After the data’s release, restrictions were placed on Zhang’s lab, preventing it from isolating the Covid virus, Holmes said.

It is unclear whether this move was separate from a Chinese government “rectification” order received by Zhang’s team that at the time reportedly resulted in the temporary closure of the lab a day after the sequence’s release . Zhang told Nature in 2020 that the order merely required his lab to update biosafety protocols after moving equipment during construction work.

Zhang, a scientist at China’s CDC since 2001, was also forced to leave the agency in September 2020, according to a person familiar with the situation.

CNN reached out to China’s National Health Commission, which oversees the CDC, for comment.

These changes for Zhang came as China – already known for its top-down control of the academic sector – increased scrutiny of scientific information related to the virus. This included imposing restrictions from April 2020 on the publication of scientific research into the origins of the new coronavirus.
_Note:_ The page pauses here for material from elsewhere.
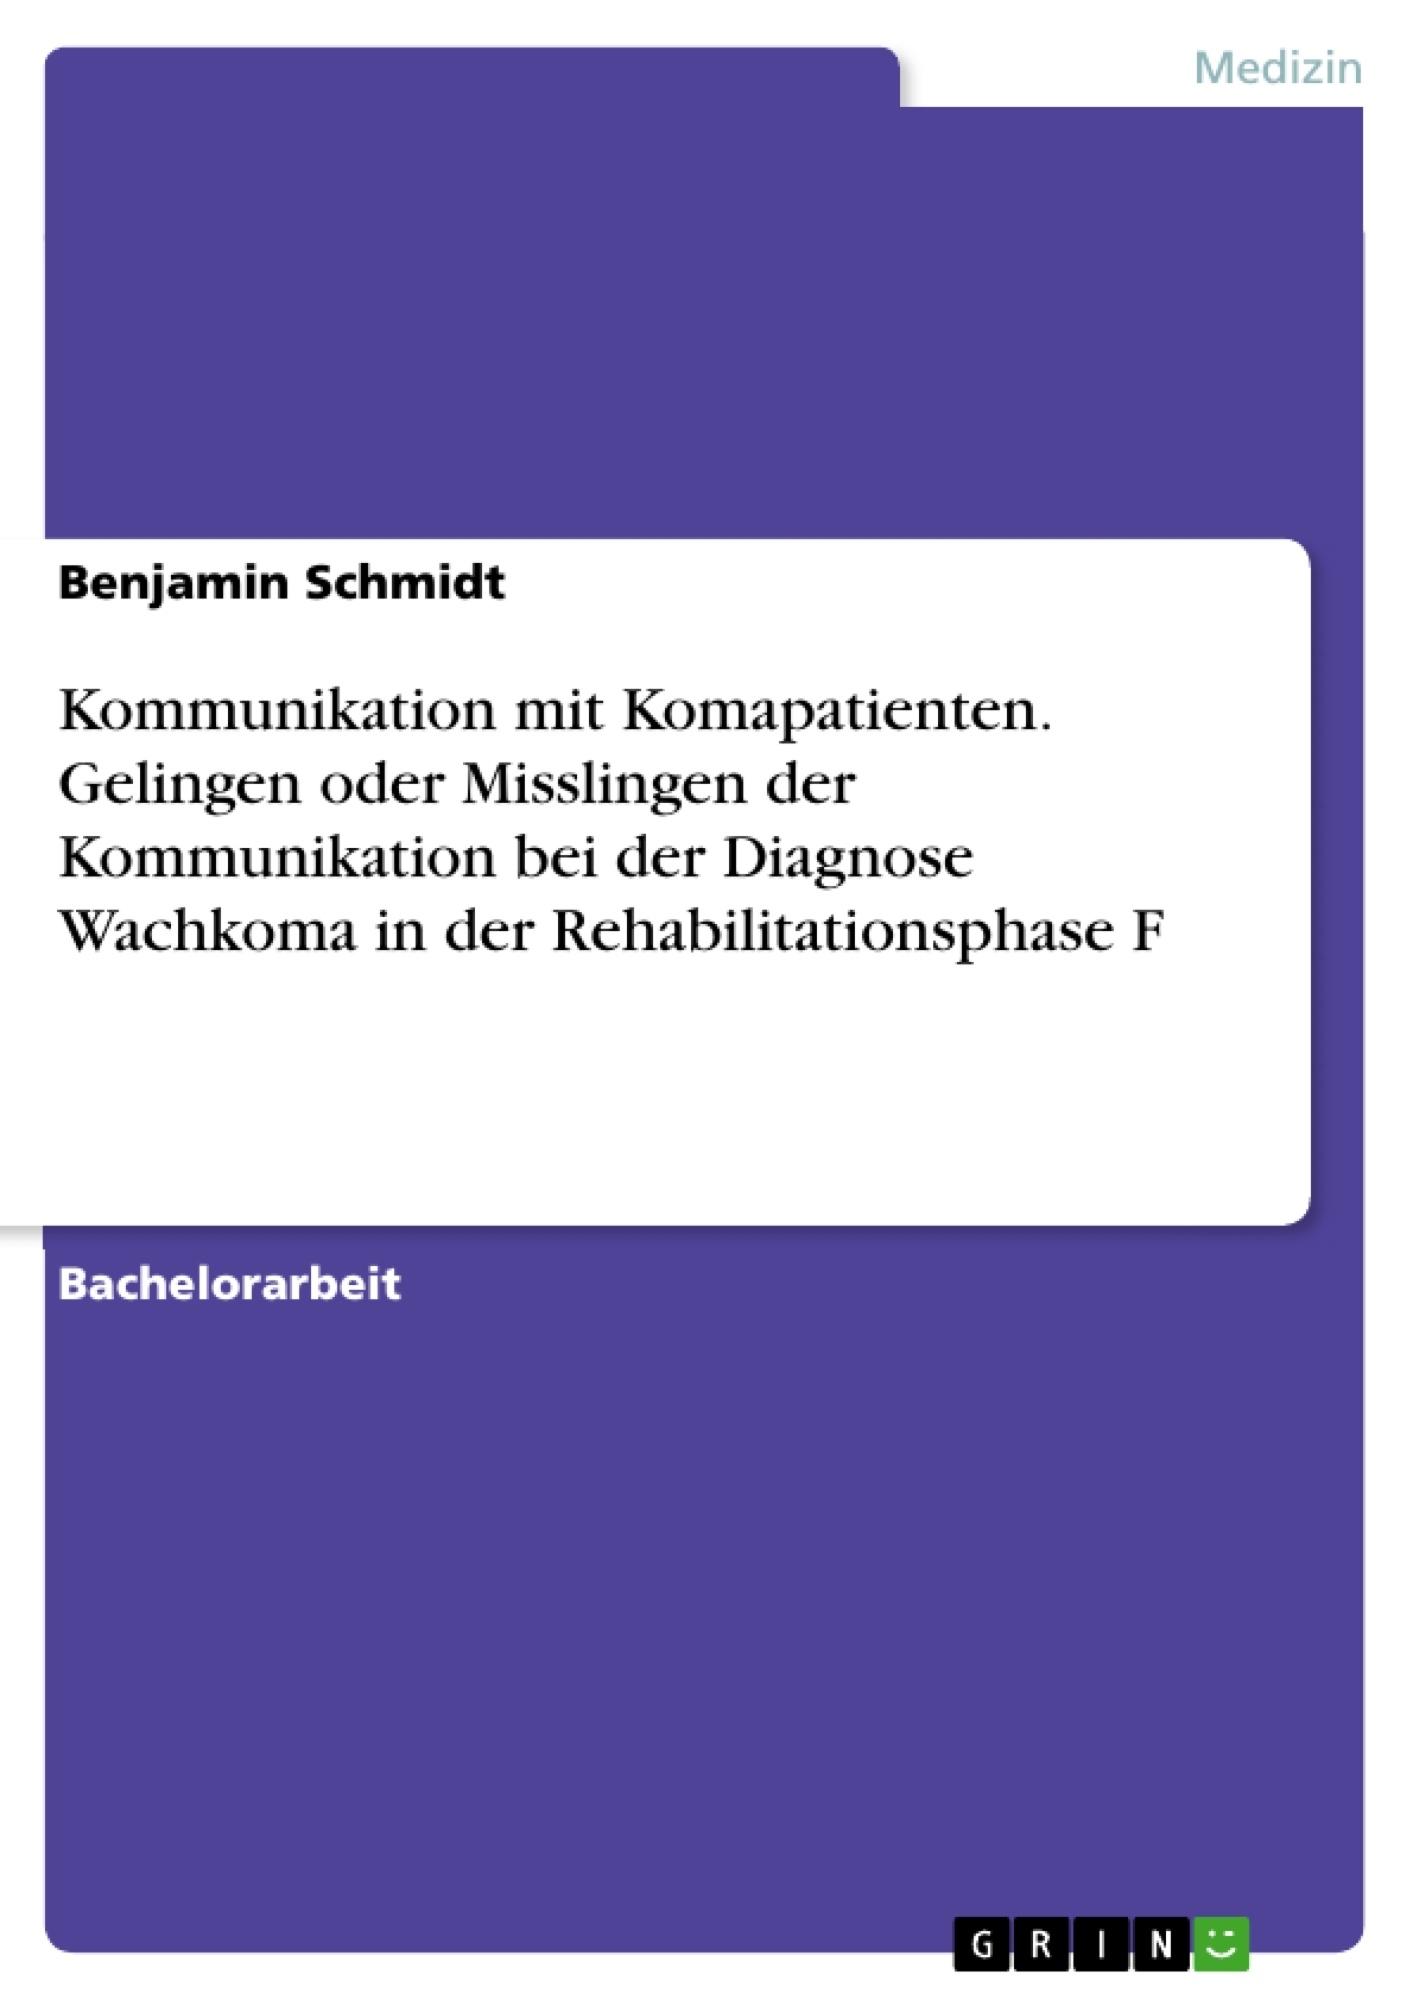 Titel: Kommunikation mit Komapatienten. Gelingen oder Misslingen der Kommunikation bei der Diagnose Wachkoma in der Rehabilitationsphase F

Beijing has repeatedly defended its scientific transparency and data sharing related to the outbreak.

“The idea that (Zhang) would do anything against China is ridiculous given his (national) pride. But it was clear that the government wanted a certain message to be conveyed, a certain narrative about the outbreak in Wuhan… by releasing the sequence of the virus, he broke that instruction – and everything stems from that,” Holmes said Monday to CNN. .

“Before, before Covid… he was like a machine and now the machine is broken. He has been slowly crushed by this.”

In October 2020, Professor Zhang Yongzhen will receive a GigaScience Data Sharing Outstanding Contribution Award from a group affiliated with Oxford University Press and Chinese genomics giant BGI.  -Courtesy of WikipediaIn October 2020, Professor Zhang Yongzhen will receive a GigaScience Data Sharing Outstanding Contribution Award from a group affiliated with Oxford University Press and Chinese genomics giant BGI.  -Courtesy of Wikipedia

In October 2020, Professor Zhang Yongzhen will receive a GigaScience Data Sharing Outstanding Contribution Award from a group affiliated with Oxford University Press and Chinese genomics giant BGI. -Courtesy of Wikipedia

‘No regrets’

In the months after he shared the Covid-19 series, Zhang’s job was transferred to the Shanghai Public Health Center, where he has held a five-year partnership and part-time professorship since 2018. It is unclear whether this step was already planned. works before January 2020.

Since then, he has continued to publish in journals such as Cell and Nature Microbiology on the presence of viruses in animals and nature in China and has received at least two international awards.

His most recent international publications from March looked at coronavirus variants in Shanghai during the early months of the Covid-19 outbreak, and Zhang’s team continues to work on research related to the virus and its emergence.

Current research includes a National Natural Science Foundation of China project at the laboratory, the post said.

In a Weibo post on January 11 to mark the fourth anniversary of his Covid revelation, Zhang seemed to allude to the challenges he has faced in recent years.

“Four years ago this morning, on behalf of the research team, we insisted on putting life first and made the right choice,” Zhang wrote.

“Although we experience constant ups and downs, the heat and cold of human emotions, and the harshness of the world, we have no regrets.”

But the past few years have taken a heavy toll on Zhang, according to Holmes.

“He’s not the same in terms of his productivity, he’s completely different – ​​not the same person at all. It was just extraordinary to see and extraordinary that it got to this point,” he said.

Holmes, who had limited email contact with Zhang during his protest this week, said the Chinese virologist recently told him he had recently failed to file a lawsuit against the Shanghai center over its handling of his contract.

“All this has been going on for a long time… but I didn’t realize how bad it had gotten,” Holmes said.